Le président sortant Hamid Karzaï a passé la barre des 50% à l'élection présidentielle d'après des résultats portant sur la quasi-totalité des bureaux de vote, mais sur fond de soupçons de fraude de plus en plus insistants et de nouvelles attaques des talibans au coeur de Kaboul.

Le chef de l'État, de plus en plus mollement soutenu par la communauté internationale qui l'avait installé au pouvoir il y a huit ans, disposait mardi de 54,1% des voix contre 28,3% à son principal rival Abdullah Abdullah, selon les comptages réalisés dans 91,6% des bureaux de vote. C'est la première fois que M. Karzaï passe la barre des 50% depuis le 25 août, lorsque les premiers résultats partiels ont commencé à tomber au compte-gouttes.

Les autorités électorales ont également annoncé avoir «mis en quarantaine» les urnes jugées suspectes dans plus de 600 bureaux de vote, sur 25.450 au total.

Les résultats issus de tous les bureaux devraient être livrés jeudi, mais ne deviendront officiels qu'après la fin des enquêtes de la Commission des plaintes, qui a averti mardi qu'elle disposait de «preuves évidentes et convaincantes» de fraudes et exigé un nouveau comptage dans «un certain nombre de bureaux».

L'écart considérable annoncé mardi entre MM. Karzaï et Abdullah laisse penser que ce dernier aura du mal à refaire son retard. Pour l'emporter dès le premier tour, il faut plus de 50% des voix.

Ces annonces sont intervenues quelques heures après deux attaques contre les forces internationales en plein coeur d'un de leurs plus imposants dispositifs de sécurité, à Kaboul.

Dans la nuit de lundi à mardi, deux hommes armés qui ont attaqué la base américaine de Camp Phenix, aux portes de la capitale afghane, ont été rapidement abattus.

Et un kamikaze a tué au moins trois civils et blessé dix personnes, dont trois soldats américains et un belge, en faisant exploser sa voiture piégée devant l'entrée de la base militaire aérienne de l'OTAN à l'aéroport de Kaboul.

Un porte-parole des talibans a aussitôt revendiqué l'attentat.

La capitale est à nouveau la cible d'attaques depuis le début de la campagne pour la présidentielle du 20 août, que les talibans avaient juré de faire dérailler. Leur insurrection s'intensifie chaque jour et s'étend vers le nord et et l'ouest jusqu'alors épargnés.

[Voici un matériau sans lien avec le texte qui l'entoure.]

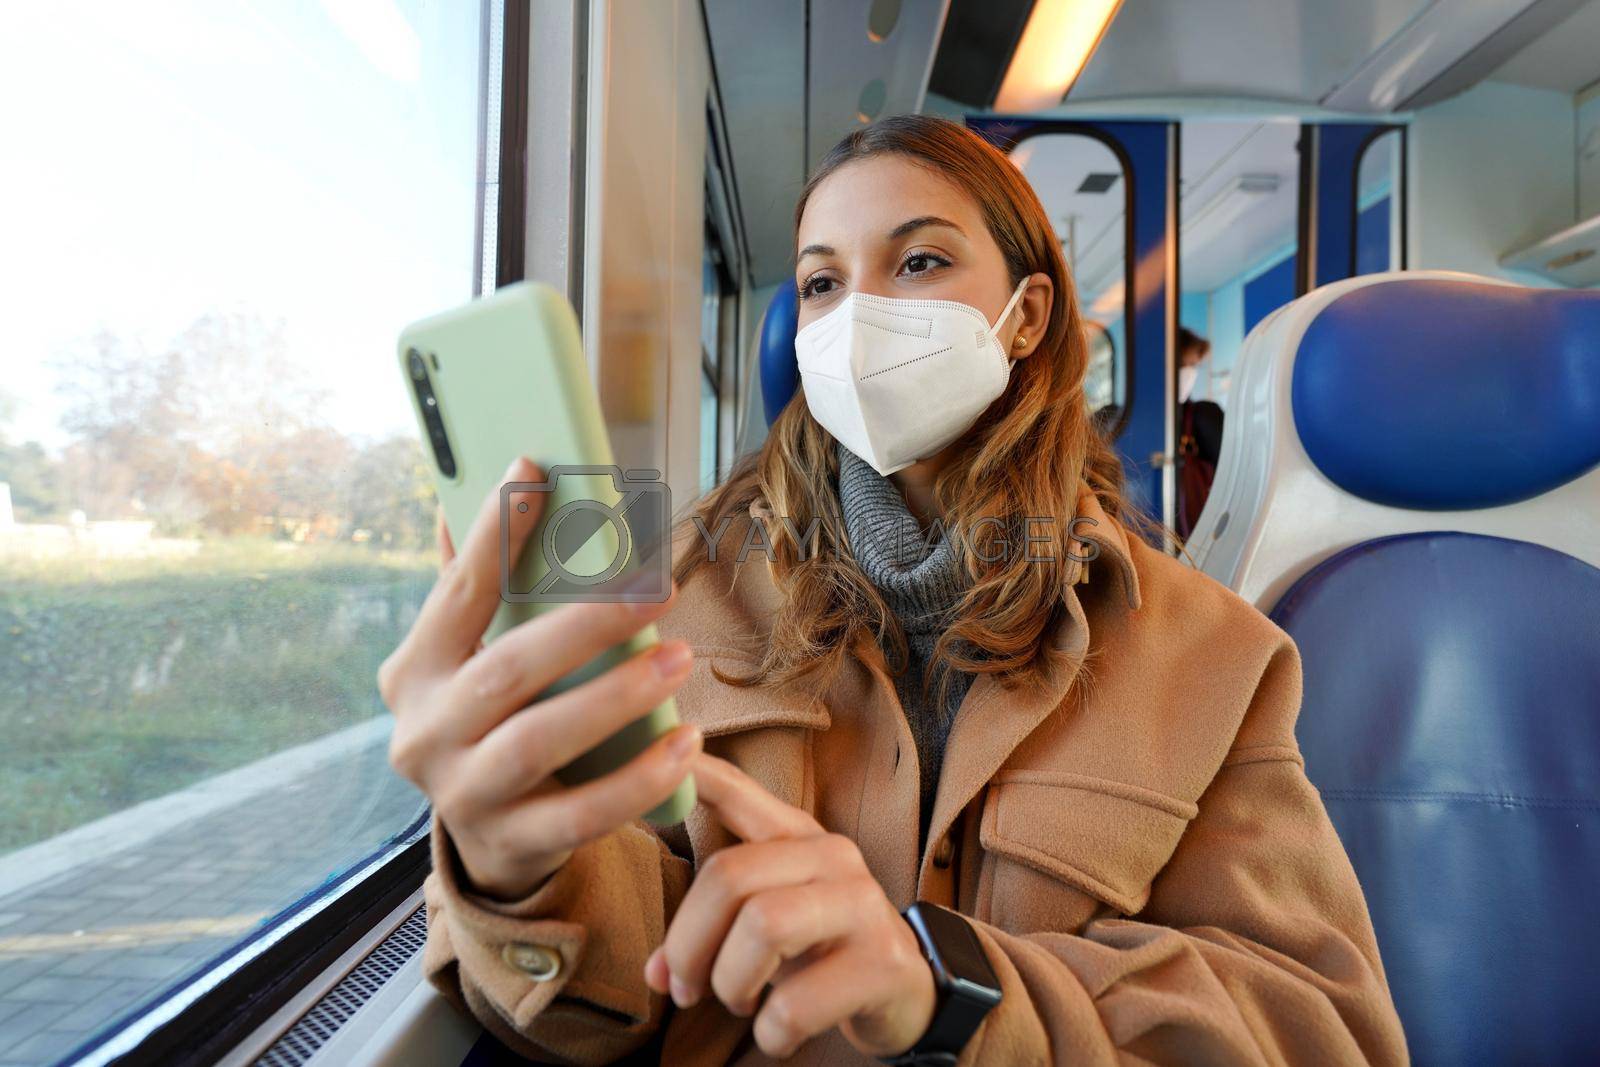 Omicron Variant. Woman traveling on train wearing medical protective face mask using smartphone. Low angle.
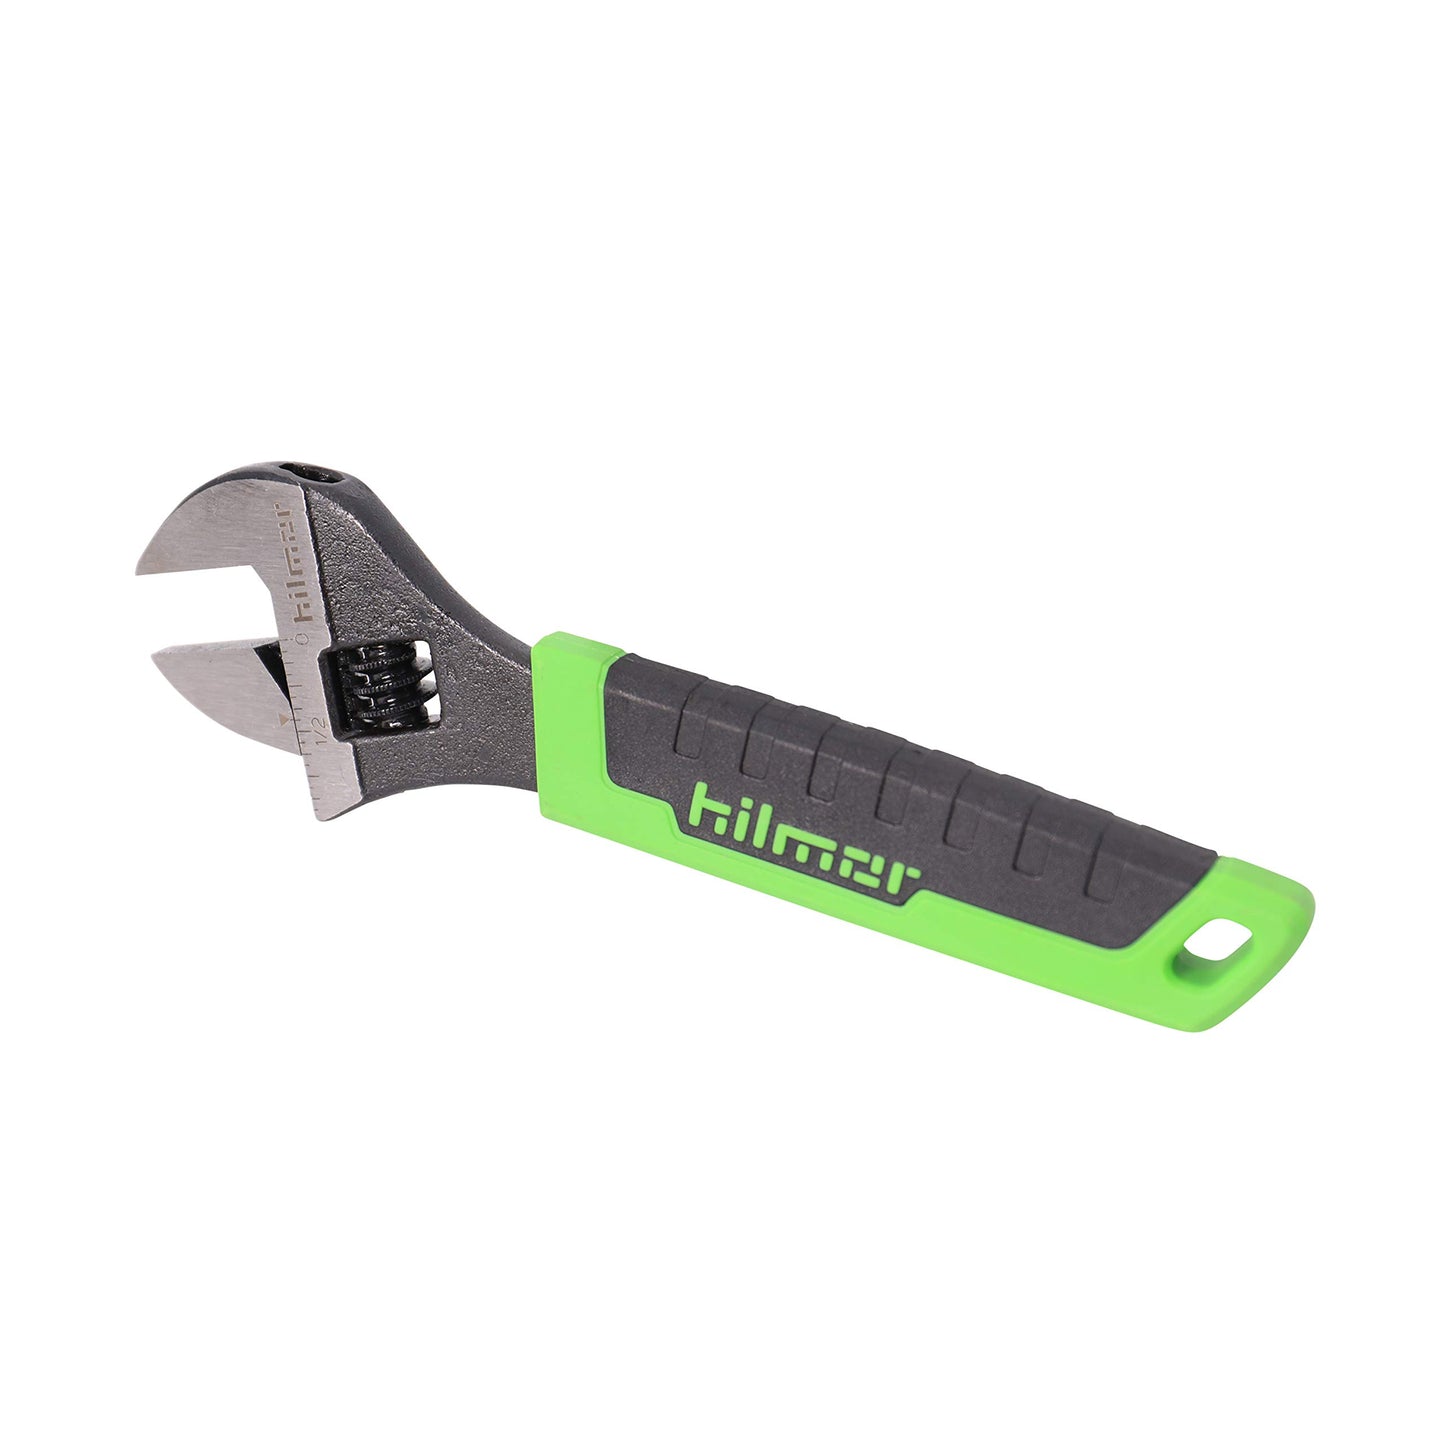 Hilmor 6" Adjustable Crescent Wrench with Rubber Handle Grip, Black & Green, AW6 1885369

Le reste du pays connaît aussi un regain de violences, au moment où la question du renforcement des forces internationales, qui subissent des pertes record, est débattue et où les opinions publiques occidentales y sont de plus en plus rétives.

Mardi, 10 soldats afghans, quatre militaires américains et un policier afghan ont péri dans un affrontement qui se poursuivait en soirée dans la province de Kunar (est).

Le jour du scrutin, les violences étaient restées relativement limitées mais la peur, conjuguée à la désillusion des Afghans envers leur classe politique, a probablement engendré une importante abstention. Le chiffre de la participation n'a pas encore été révélé mais il est évalué à 30-35%.

M. Karzaï dirige le pays depuis fin 2001, lorsque les talibans ont été chassés du pouvoir par une coalition internationale emmenée par les États-Unis.

Il avait été élu en 2004 dans le premier scrutin présidentiel de l'histoire du pays, dévasté par 30 années de guerres.

Mais le sortant essuie ces derniers mois une salve de critiques, des pays occidentaux notamment, certains accusant son gouvernement d'avoir laissé la corruption miner le pays.

Son image risque encore de se ternir si des fraudes massives sont avérées.

Le représentant spécial de l'ONU en Afghanistan, Kai Eide, n'a d'ailleurs pas mâché ses mots mardi : «l'intégrité de ces élections est de la plus grande importance pour l'Afghanistan et ses partenaires internationaux», a-t-il déclaré, réclamant une «rigueur parfaite» dans les comptages et les enquêtes sur les fraudes.